If you’re dealing with the death of a parent, or they’re in hospice.
DON’T WALK THIS PATH ALONE
Find someone to talk with, someone who will walk this path.
How To Cope With The Death Of A Parent.
I didn’t write this to get a lot of views, I just needed to get it off my chest, and this was the best option for me. Sometimes you need to be vulnerable and this was my best option.
If you’re struggling with parental death, or the passing of a loved one. Here are some things I’ve been doing that have kept me sane. (Even when I don’t feel anything.)
My List To Stay Sane:
- Stay in contact with other family members. It really helps. I talk with a few of my siblings daily now. We’ve gotten closer through this.
- If you don’t have close family. Call some friends up, at this time in your life, being alone is a bad thing and should be avoided.
- Start a new hobby, I’m thinking about picking up the cello again.
- Workout more, the endorphins released from working out can help relieve stress, and you’ll be in better shape.
- Go Snowboarding
- Grab My Mountain Bike And Hit Up A Hill (There Are No Mountains In Minnesota)
- Play Sand Volleyball (Whatever I can do, to clear my mind)

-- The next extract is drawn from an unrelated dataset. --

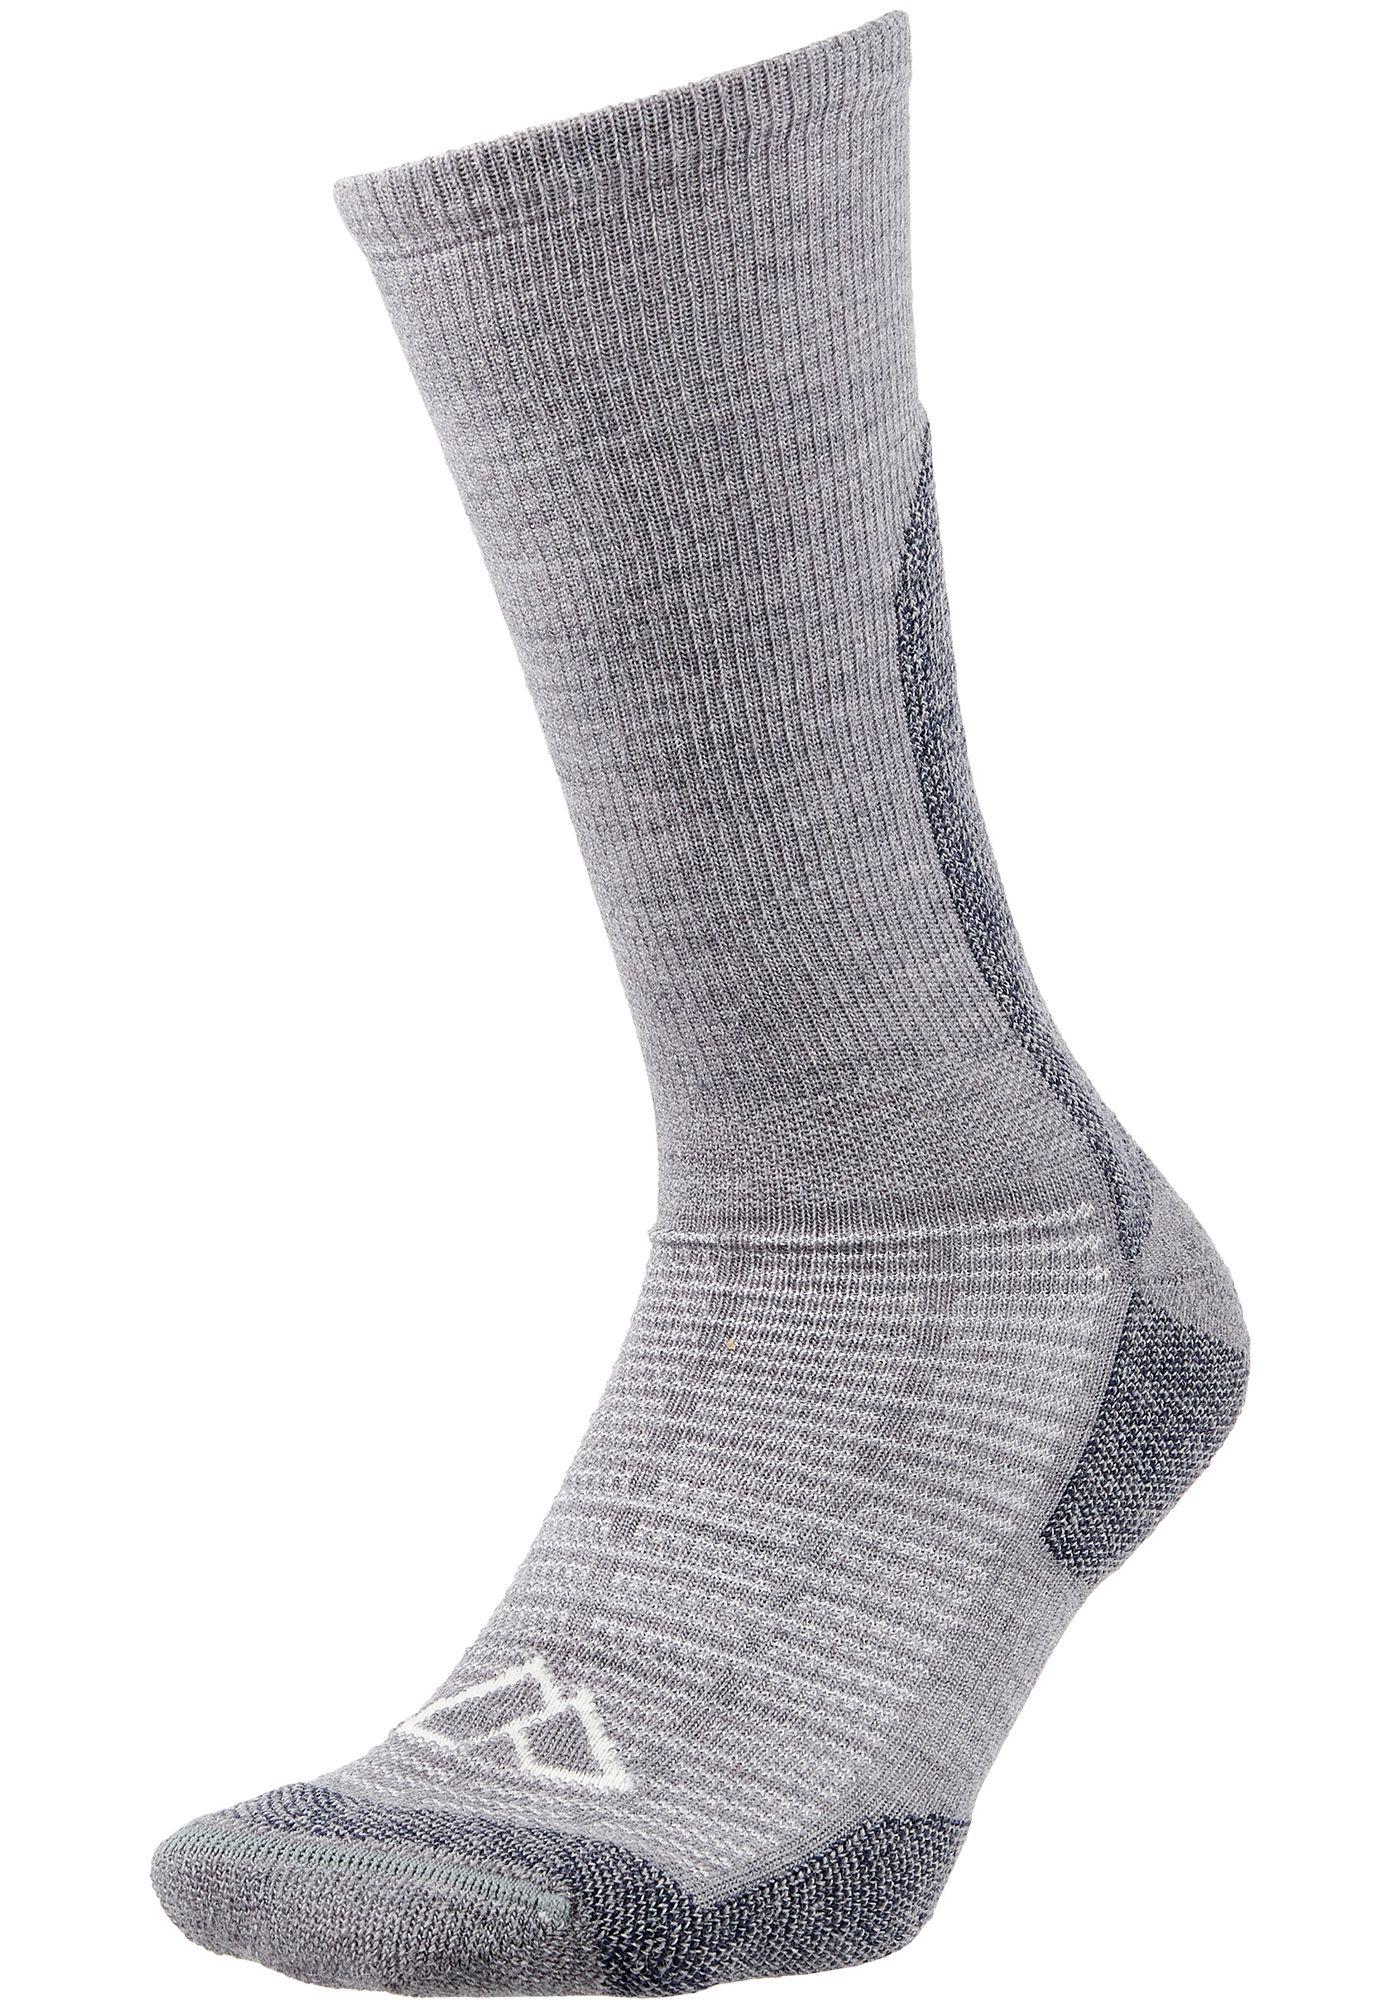 Alpine Design Crew Hiking Socks

In addition to the list above, here are some items I try to avoid. Mostly because they make me feel bad the next day. Although at the time I absolutely love some of them.
My List To Avoid:
- Drinking Excessive Amounts Of Alcohol. Never Mask Your Pain Through Self Medication It Isn’t Healthy. Instead Let It Out Among Friends And Family Where You’ll Be Supported.

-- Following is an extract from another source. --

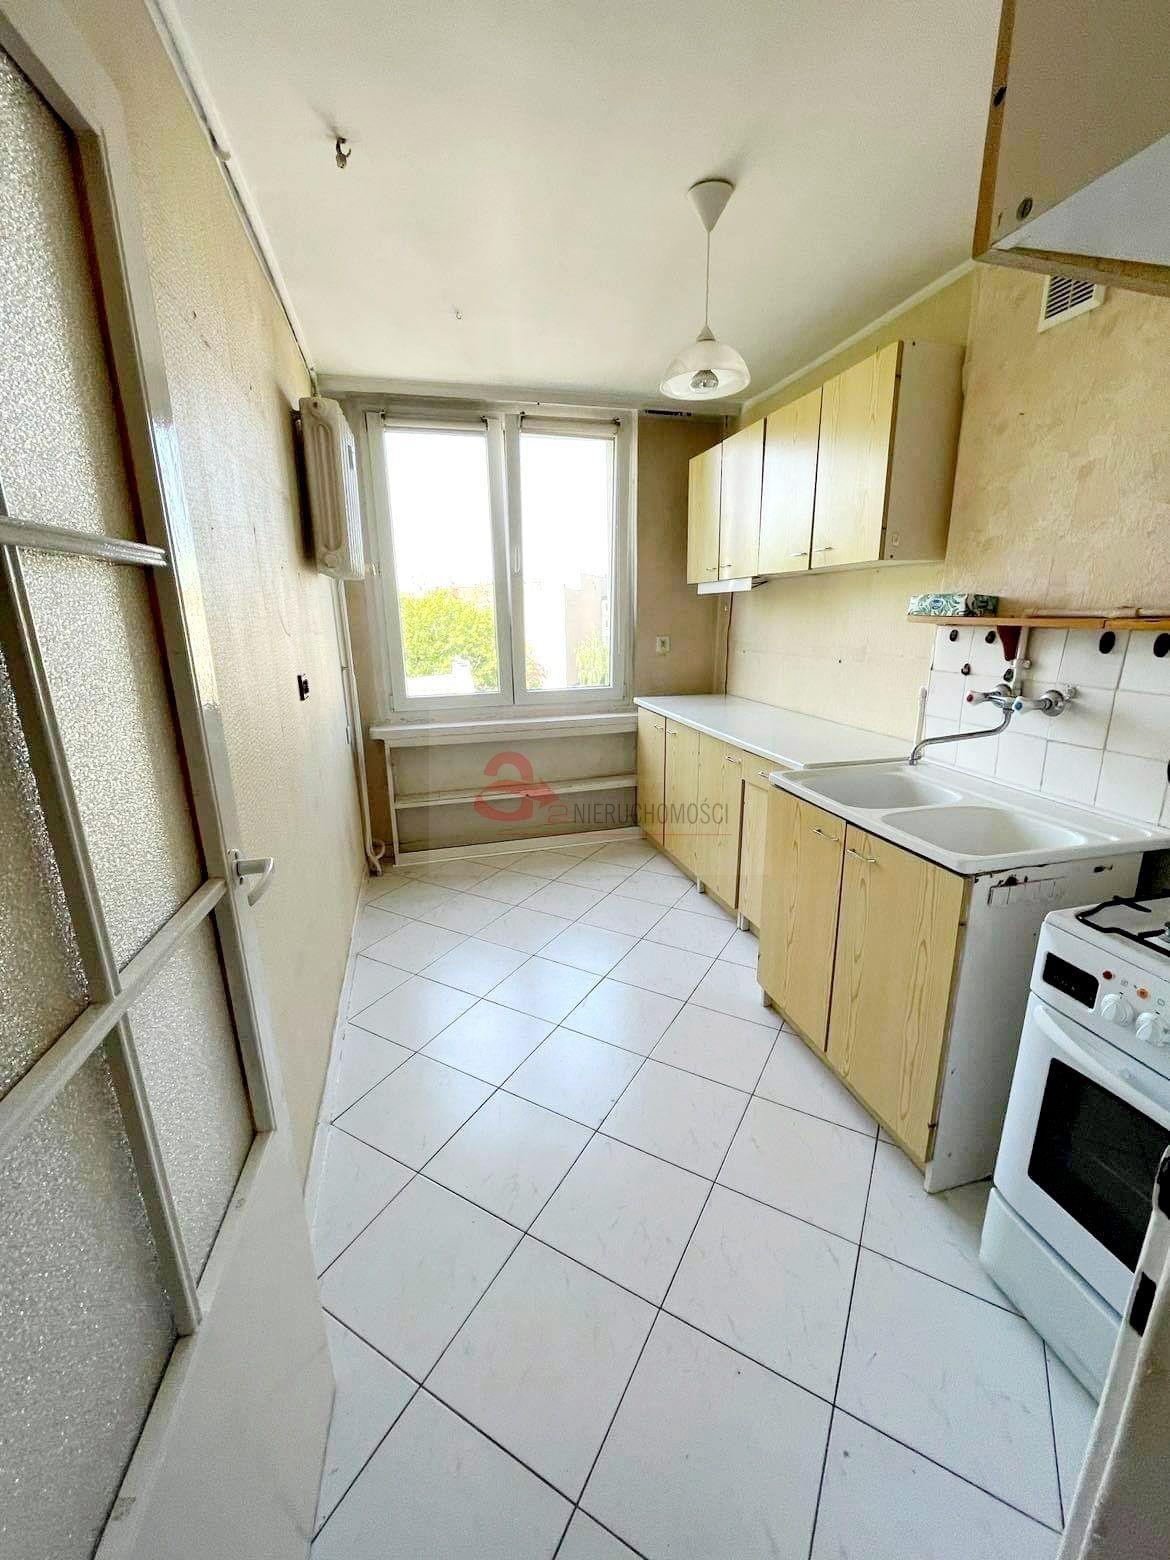 Mieszkanie dwupokojowe na sprzedaż Poznań, Poznań-Stare Miasto, Stare Miasto, Kazimierza Wielkiego  42m2 Foto 9

- Eating excessive amounts of pizza or other foods (pizza is my weakness)
- Allowing Depression To Steal Your Energy. So You Sit On The Couch And Watch Fight Depression
Whatever you’re going through, the pain will eventually become bearable. I won’t say that it’ll go away, but eventually you’ll become stronger and be able to bear it.
That’s the essence of pain, friends I’ve lost years ago still cause me pain. I never stop missing them, but their memory helps me to be the best man I can be.
I miss my father daily now that he’s gone, and I’ve broken down and cried a lot about it. However I am also blessed. For 18 years we lived as strangers, but I can’t help and think. I came back into his life for this.
I was there to help him find peace before he goes.
Praying for you as you’re reading this. God has placed you in this moment, and if you turn to him you can find peace.